Incentive Compensation Considerations During the COVID-19 Pandemic

Alerts / March 23, 2020

Public company boards face myriad unforeseen issues due to the COVID-19 pandemic. Among these issues is how to keep their key employees incentivized to maintain and advance the corporate agenda during this crisis (when their minds, like ours, are likely on matters closer to home). Public company boards and their compensation committees have to assess incentive compensation on a regular basis, and at least annually. The economic uncertainty and market volatility caused by the pandemic now require public company boards and compensation committees to evaluate their incentive compensation programs and practices in light of such uncertainty and volatility and to make adjustments if required. Below are some key incentive compensation considerations for managing these circumstances:

  • Share Availability. Assess whether your equity award pools have sufficient shares to cover upcoming grants. As stock prices drop, equity award pools may be depleted more rapidly than anticipated, rendering prior burn rate projections obsolete. If adequate pool shares are not available, you may want to amend your plan to increase the number of shares. This, of course, requires shareholder approval. If you have not filed a proxy statement for your 2020 annual meeting, you may want to propose an equity plan amendment to address these higher-than-anticipated burn rates. If your 2020 annual meeting has come and gone, you may want to consider convening a special shareholder meeting to approve an equity plan amendment.
  • Equity Award Mix; Option Repricing. Reassess the mix of equity awards – the percentage of full share grants versus option grants – and consider whether any outstanding stock options should be repriced given recent market volatility. Applicable listing rules require shareholder approval of option repricing, unless your equity plan expressly authorizes it, which is unlikely.
  • Grant Dates.
    • If you have an annual equity award grant date coming up, consider delaying it. If you use grant date fair market value for equity awards, the number of shares subject to upcoming awards may be significantly higher than expected due to declining stock prices. Delaying the grant date could address this issue (assuming that the markets calm down and stock prices return to normal levels). Review your plan documents to confirm that they do not contain restrictions on grant timing.
    • Stagger award grants over a one-year period (i.e., on a quarterly basis). This may reduce the adverse effect of market volatility on the number of shares subject to each award (assuming, as above, that the markets calm down).
  • Pricing. Use a trailing average price, rather than a daily closing price, to set the exercise price. This could address any pricing irregularities arising from extreme market fluctuations. Review plan documents to determine whether alternative pricing methodologies are available. Keep in mind too that for options to be exempt from Section 409A of the Internal Revenue Code, the fair market value used to determine the exercise price may not be determined by a trailing average of more than 30 consecutive trading days (other equity awards may use a longer period and, given market volatility, it may be advisable to do so).
  • 2020 Performance Metrics
    • If you have not set 2020 performance metrics for your incentive compensation programs, you may want to consider:
      • Delaying setting performance targets, given the uncertain economic climate, until more information becomes available about the near- and long-term impacts of the pandemic. Recent amendments to Section 162(m) of the Internal Revenue Code allow more flexibility in the timing of performance goals – i.e., calendar year companies no longer have to set such targets by March 31 in order for the related compensation to qualify as “performance based.”

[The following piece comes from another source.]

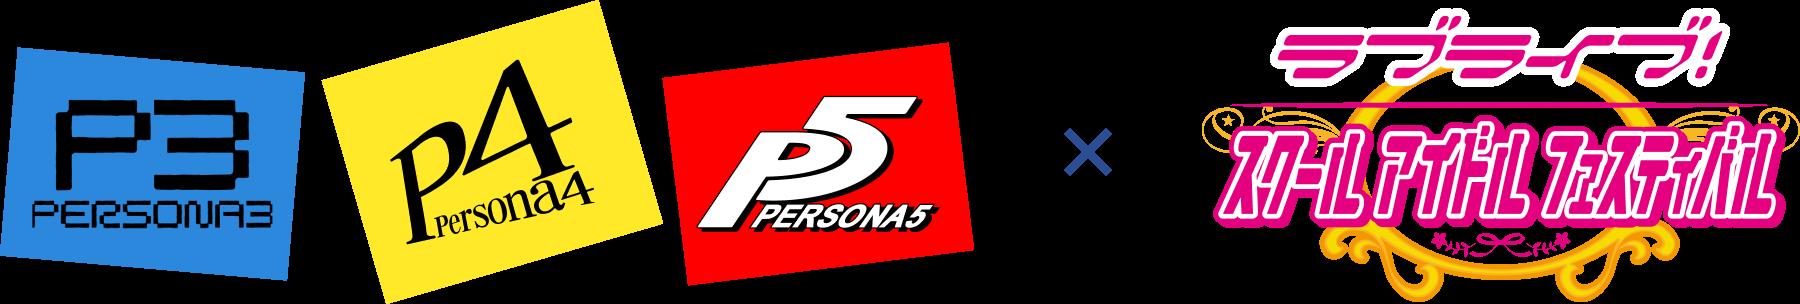 P3 P4 P5 × スクフェス

      • Setting performance targets based upon the current and projected impact of the pandemic on the company’s operations and stock price, if known, using alternative performance metrics, or using less formulaic approaches to assessing performance.

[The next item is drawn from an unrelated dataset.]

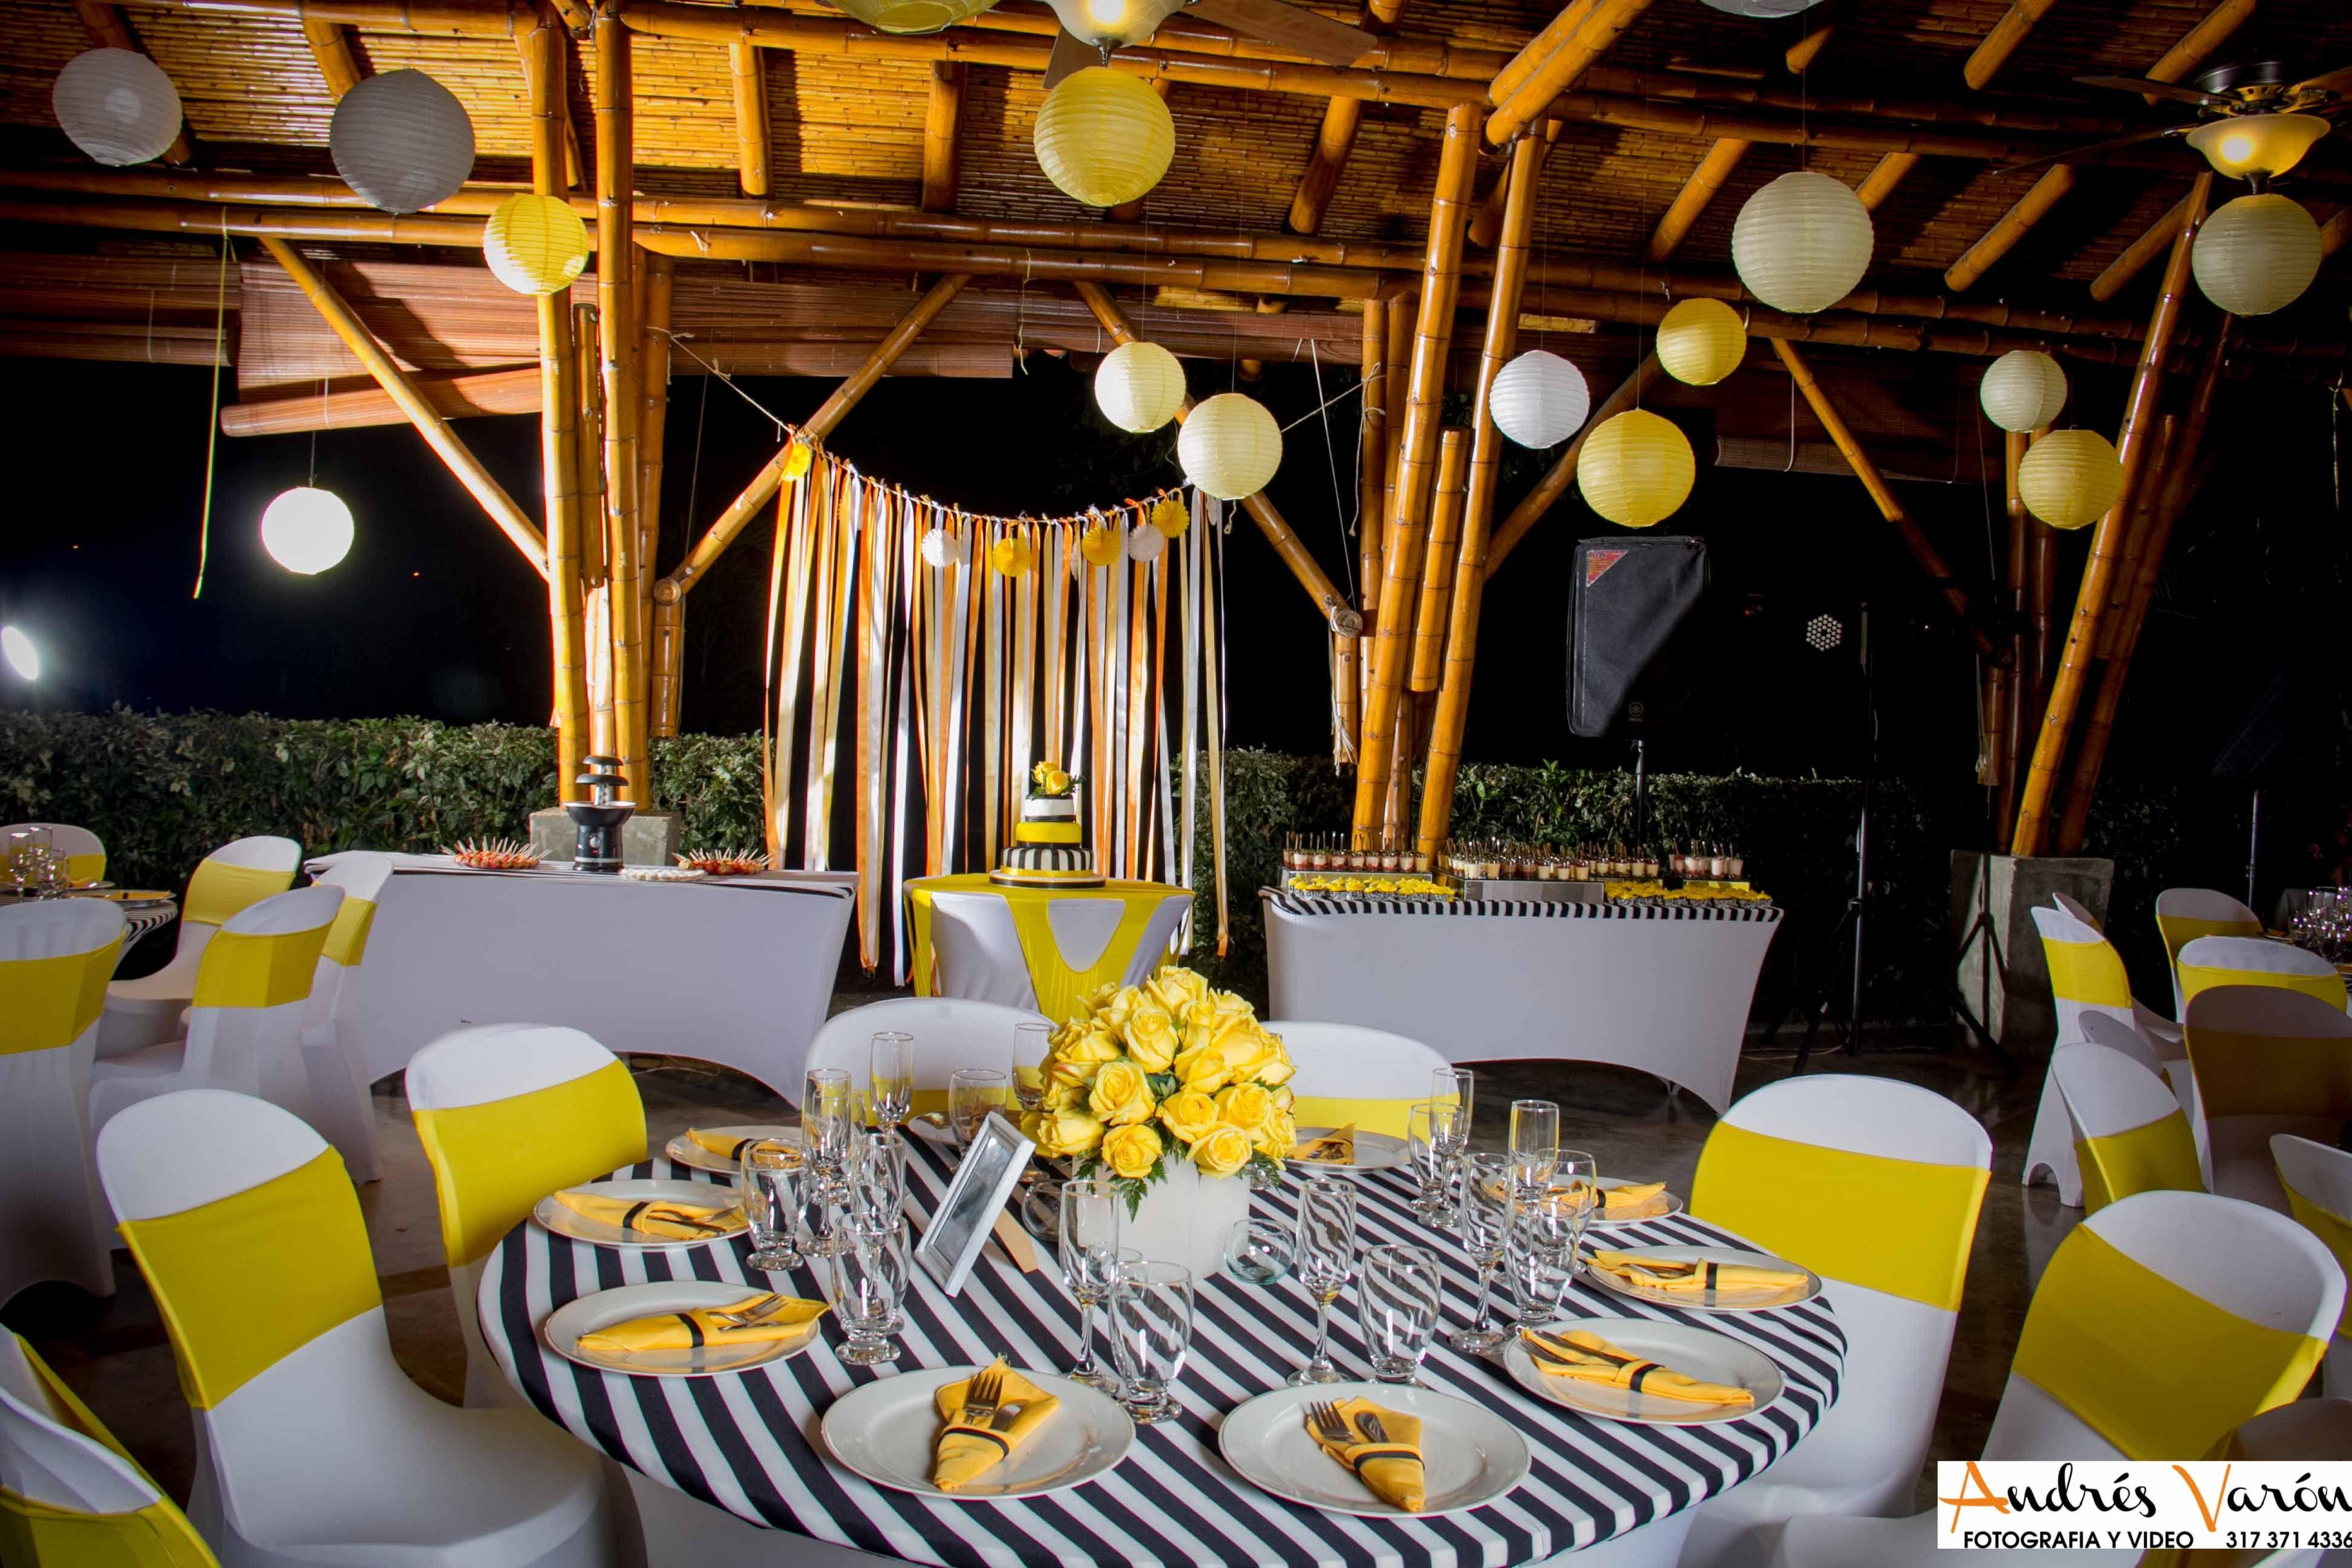 Amarillo lineas blanco y negro decoraci n de grado - Decoracion blanco y negro ...

      • Drafting plan provisions that permit the plan administrator to adjust performance targets, if necessary, in light of pandemic-related impacts. Any such provisions must be properly drafted and narrowly tailored so that they do not transform performance-based compensation into discretionary compensation.

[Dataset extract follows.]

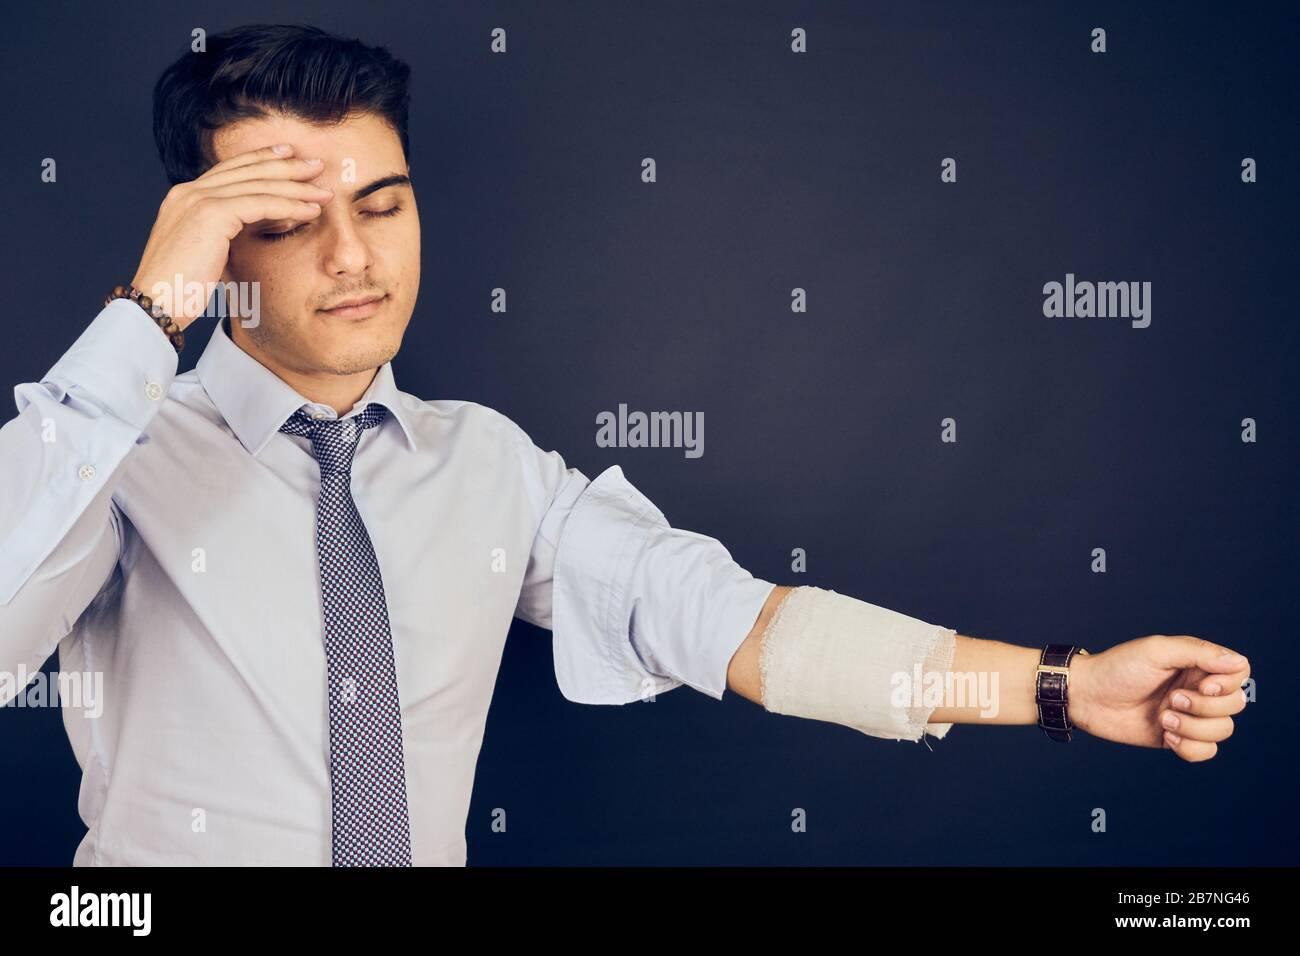 Jeune homme avec maux de tête et bandage sur la main Banque D'Images

    • If you have set 2020 performance metrics, it may be best to “sit tight” and not rush to make any adjustments. Although it will seem in the near term that adjustments must be made, the full economic impact of the pandemic is not known at this time. If you make any adjustments now, and things change further, which they probably will, you may be forced to make additional adjustments at later dates. If you choose to make adjustments now, confirm that your plan documents permit such adjustments for extraordinary events. You should also consult with your auditor and tax advisor to determine whether such adjustments will trigger charges and/or other tax and accounting consequences.

In addition to the considerations described above, you must also be mindful of employee sentiment and morale, employee communications, proxy guidelines issued by proxy advisory firms, particularly with respect to incentive compensation (for example, how any changes to your performance targets will impact next year’s say-on-pay vote), and SEC disclosure obligations. If you materially amend an equity compensation plan or award to adjust performance metrics in light of the pandemic, you will need to report such amendment under Item 5.02(e) of Form 8-K if (a) your executive officers participate in the plan or award, (b) the amendments to the plan or award are material and (c) the plan does not contain the adjustment provisions discussed above. In addition, any changes to performance metrics for your “named executive officers” will need to be disclosed in your next annual meeting proxy statement. This disclosure, which will likely be reviewed by proxy advisory firms, should contain a detailed explanation of the reasoning behind any changes to performance targets or awards.